Matt Rogers of Microsoft's Windows Azure Product Marketing team responded to the When Are We Going To Have an SLA for Microsoft Azure? article written by Alin Irimie.
Here is Rogers' response.
"Alin, the points you are making are very reasonable, and are largely due to being a service in Community Technology Preview (CTP) rather than a launched service. Unfortunately some of your questions we are not able to answer while still in this mode, but will be resolved as we reach commercial availability later this year.
1) Is Windows Azure a .NET only platform? No, we have committed to opening the platform to most programming languages over time, meaning you will be able to deploy it and run it in our cloud, and also access the services from outside the cloud as you describe above. We took initial steps on this last month with the implementation of FastCGI and support for PHP. This was a step forward, but not the end.
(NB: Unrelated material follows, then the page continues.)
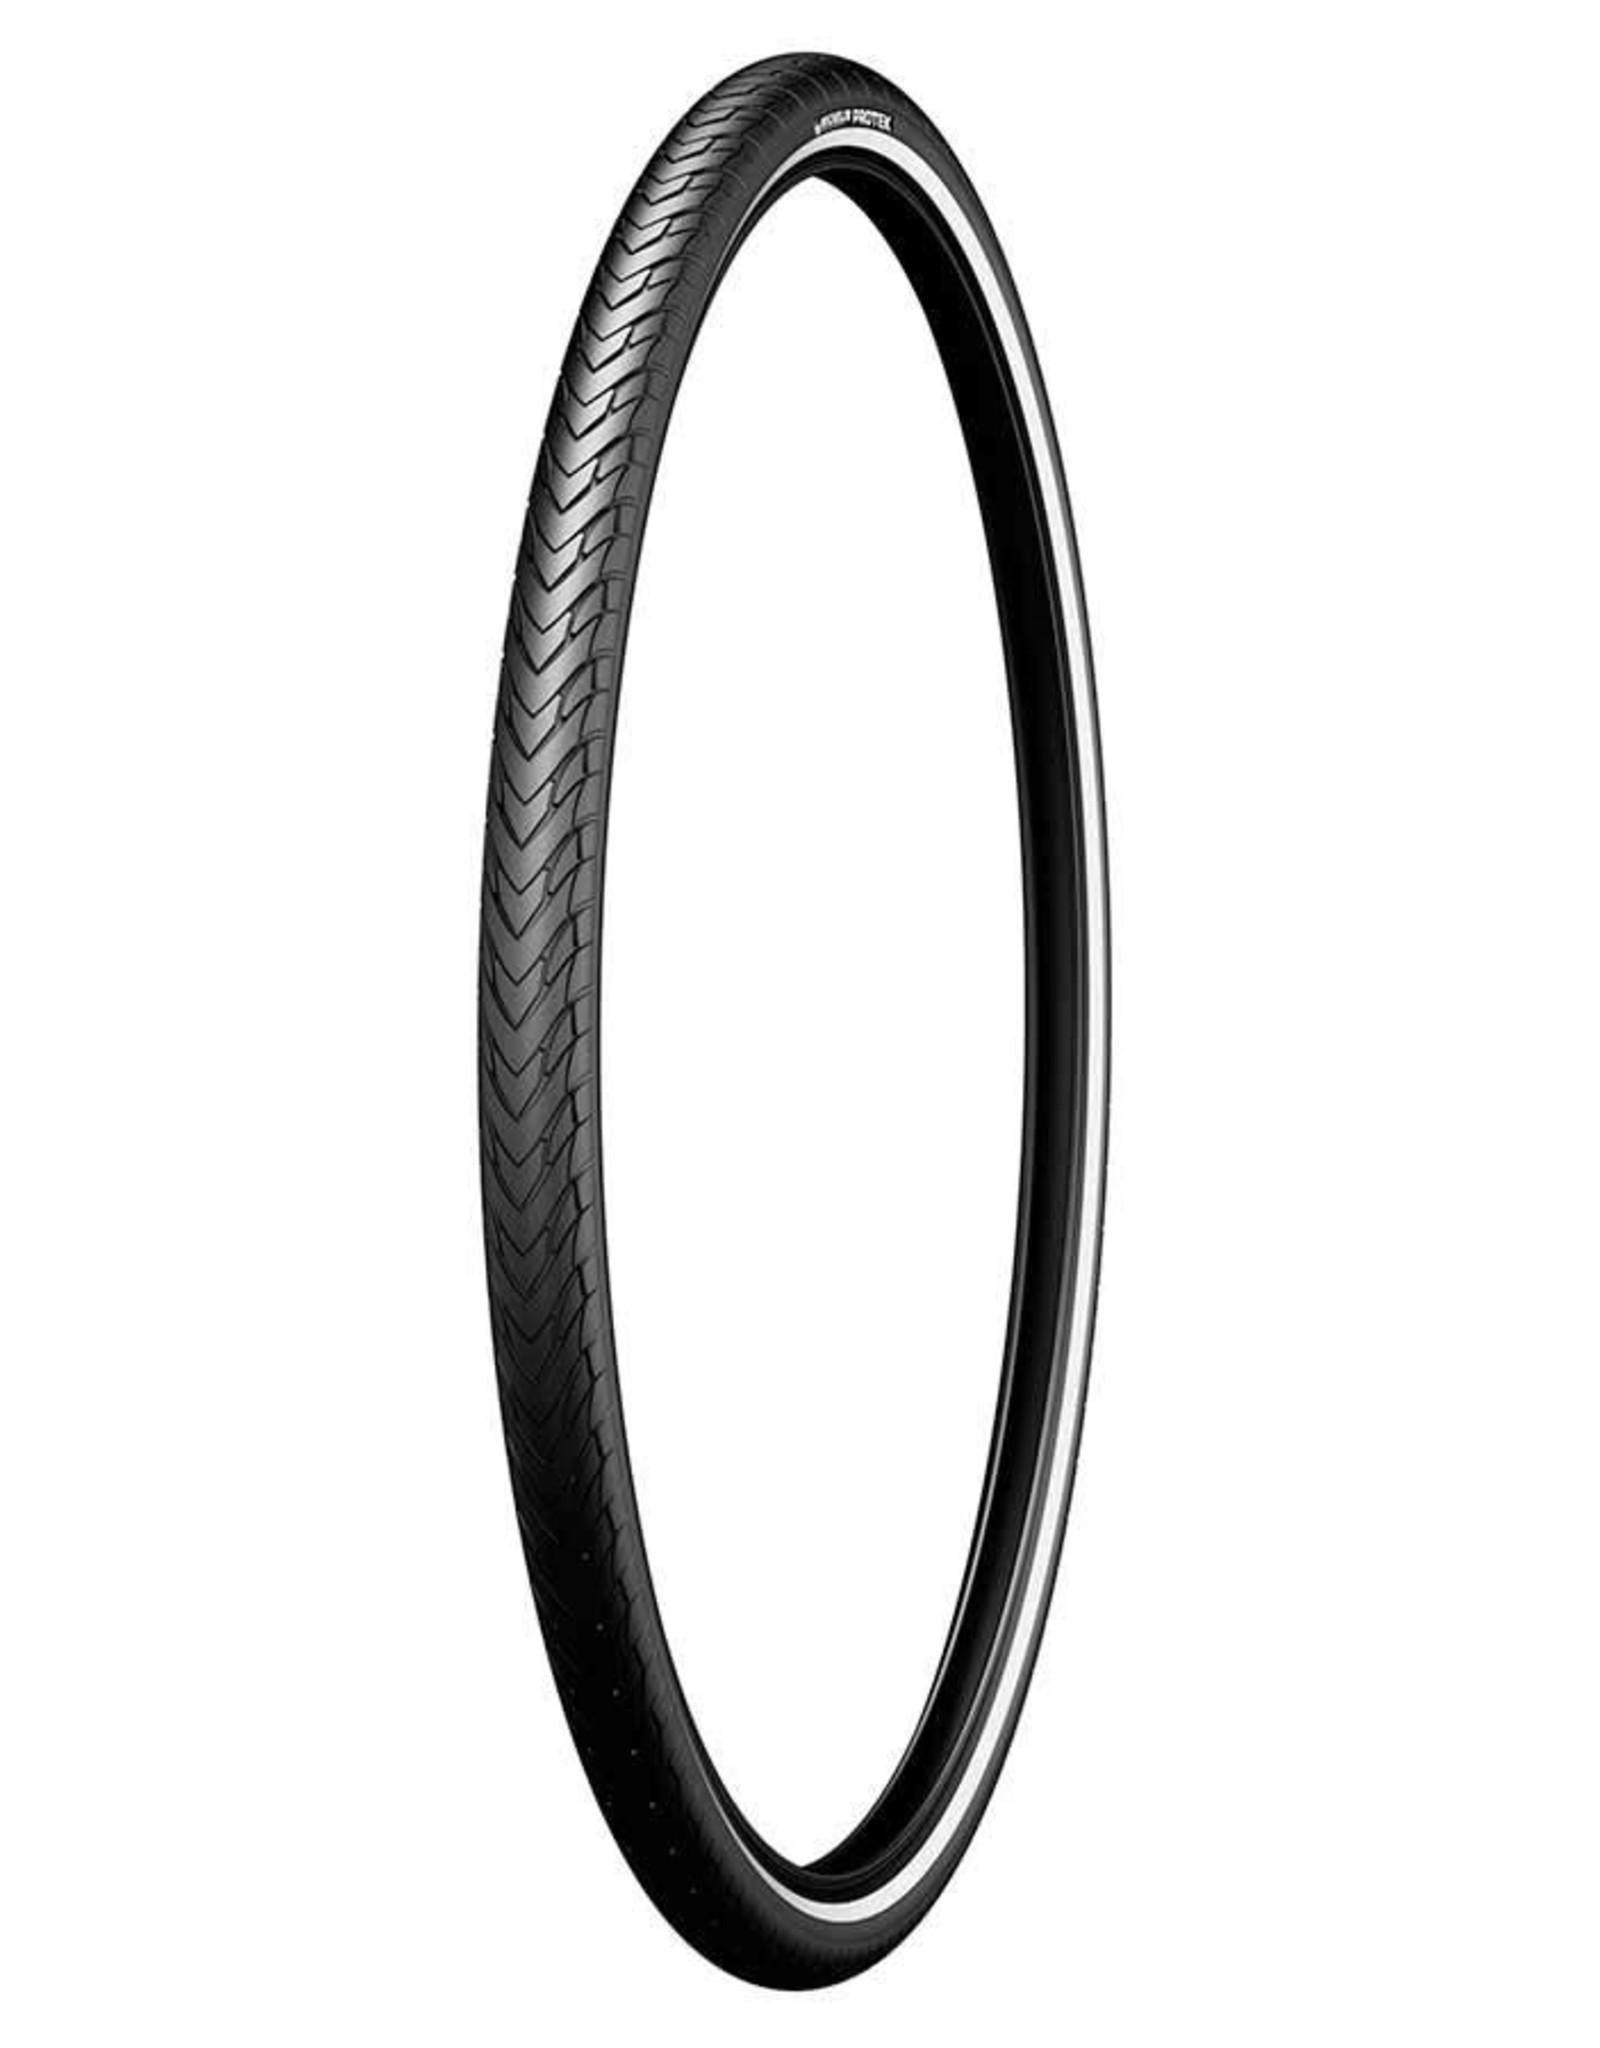 MICHELIN Michelin, Protek, Tire, 700x32C, Wire, Clincher, Protek 1mm, Reflex, 22TPI, Black

More on this later in the year. You can read a recap of where we are now on programming language interoperability in Windows Azure from Steve Marx at http://blog.smarx.com/
2) What year will Windows Azure release? 2009, late in the year. We have not backed down on this, no hedging...we will be commercially available by the end of this year.
3) When are we going to have an SLA? In just a couple months, we have said it will be "this Summer" and we are standing by that.
4) When will we update the case studies on the Windows Azure website? By commercial launch this year, probably much sooner. We are focused on building guidance around the service with the full features and capabilities that will be released later this year rather than the more limited CTP functionality.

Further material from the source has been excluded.